Could the data below be printed out exactly, with the pictures left out?

### Given data:
┌────────
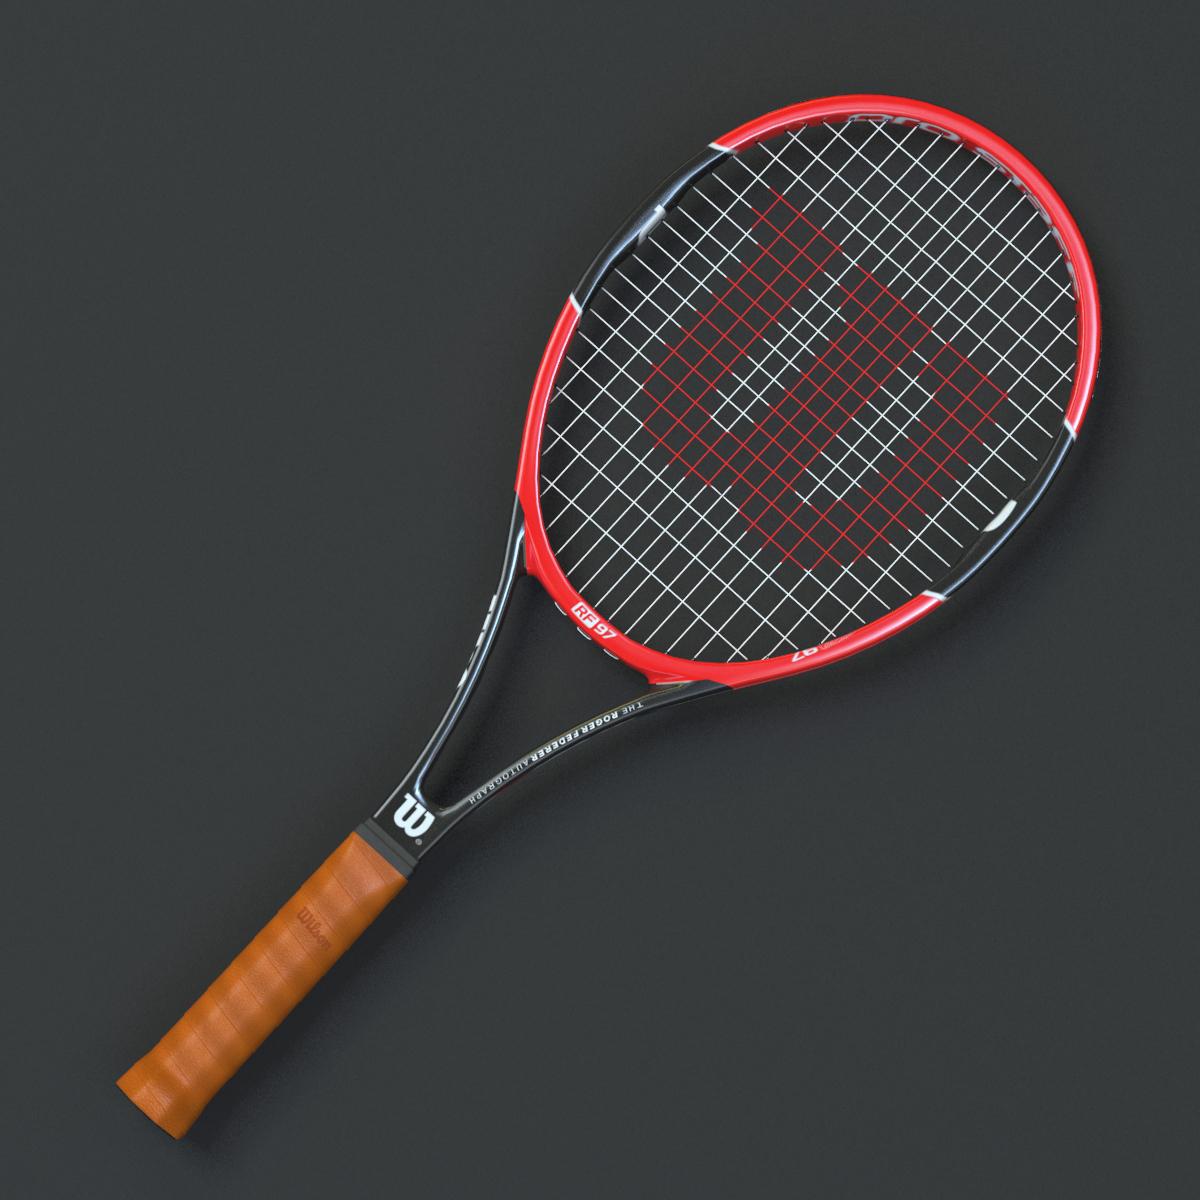 Wilson Pro Staff >> Tennis Racket Wilson Prostaff 97 Rf
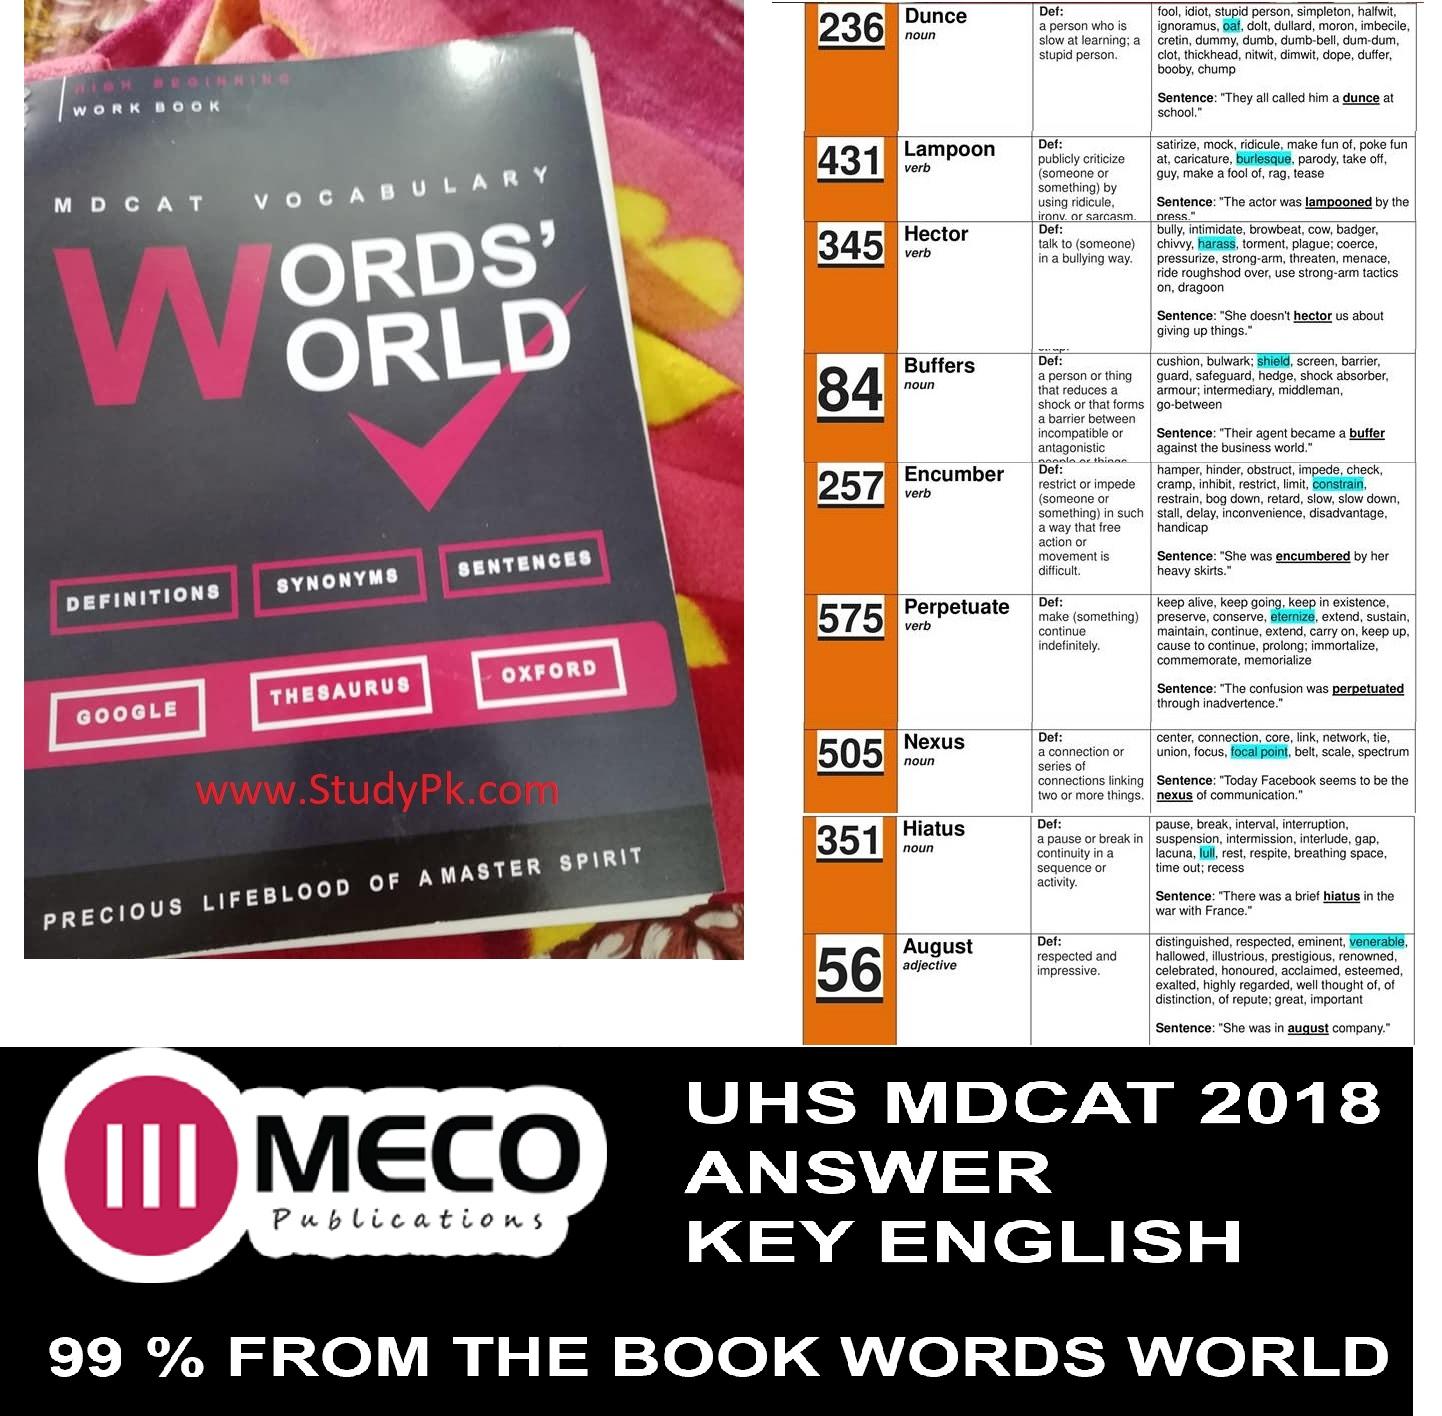 UHS MDCAT Answer Key 2018
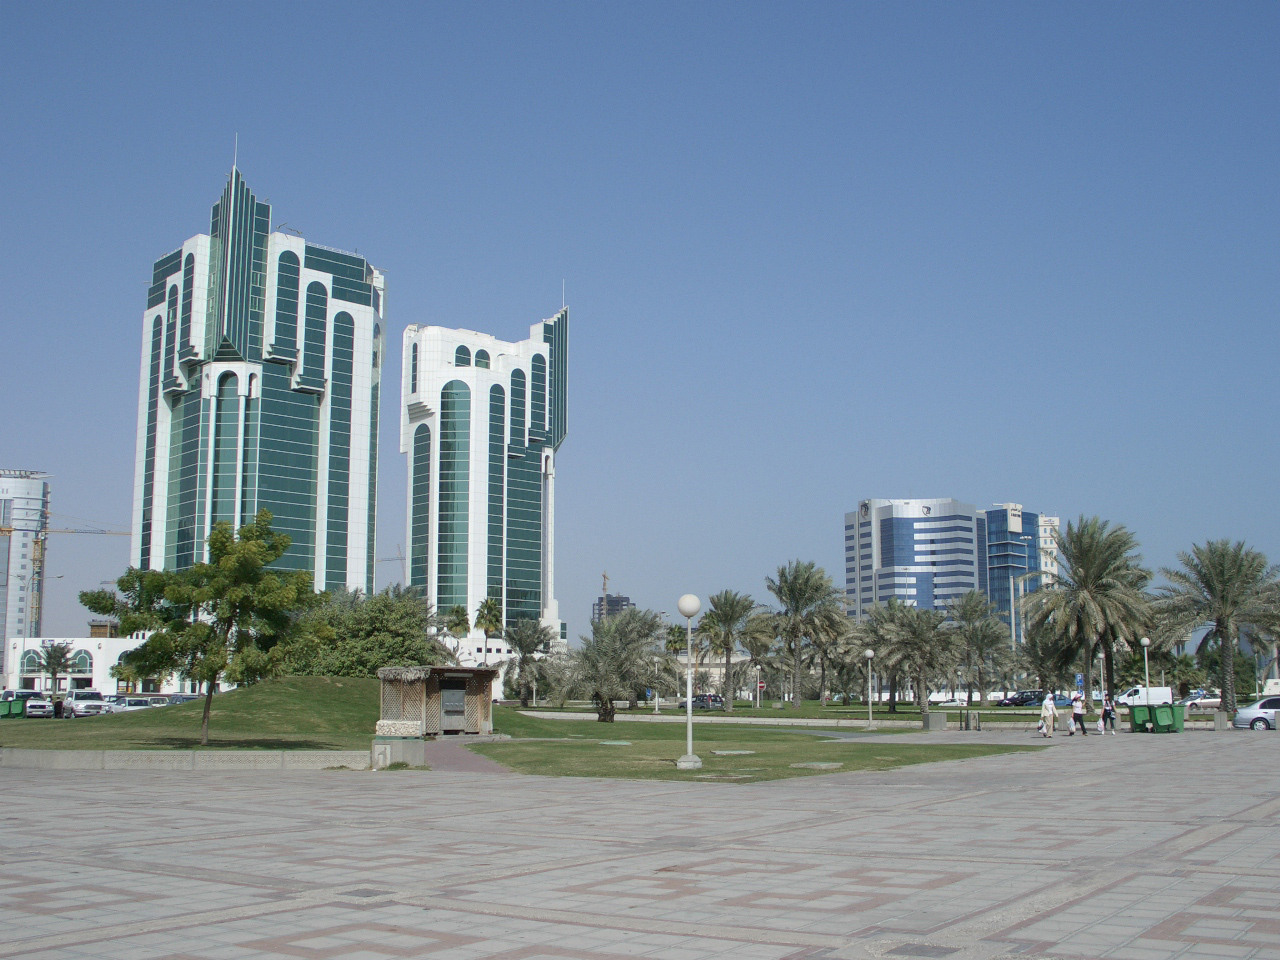 ����� ���, �������� ���,������ ���,qatar
└────────
### Problem solution:
 Wilson Pro Staff >> Tennis Racket Wilson Prostaff 97 Rf
 UHS MDCAT Answer Key 2018
 ����� ���, �������� ���,������ ���,qatar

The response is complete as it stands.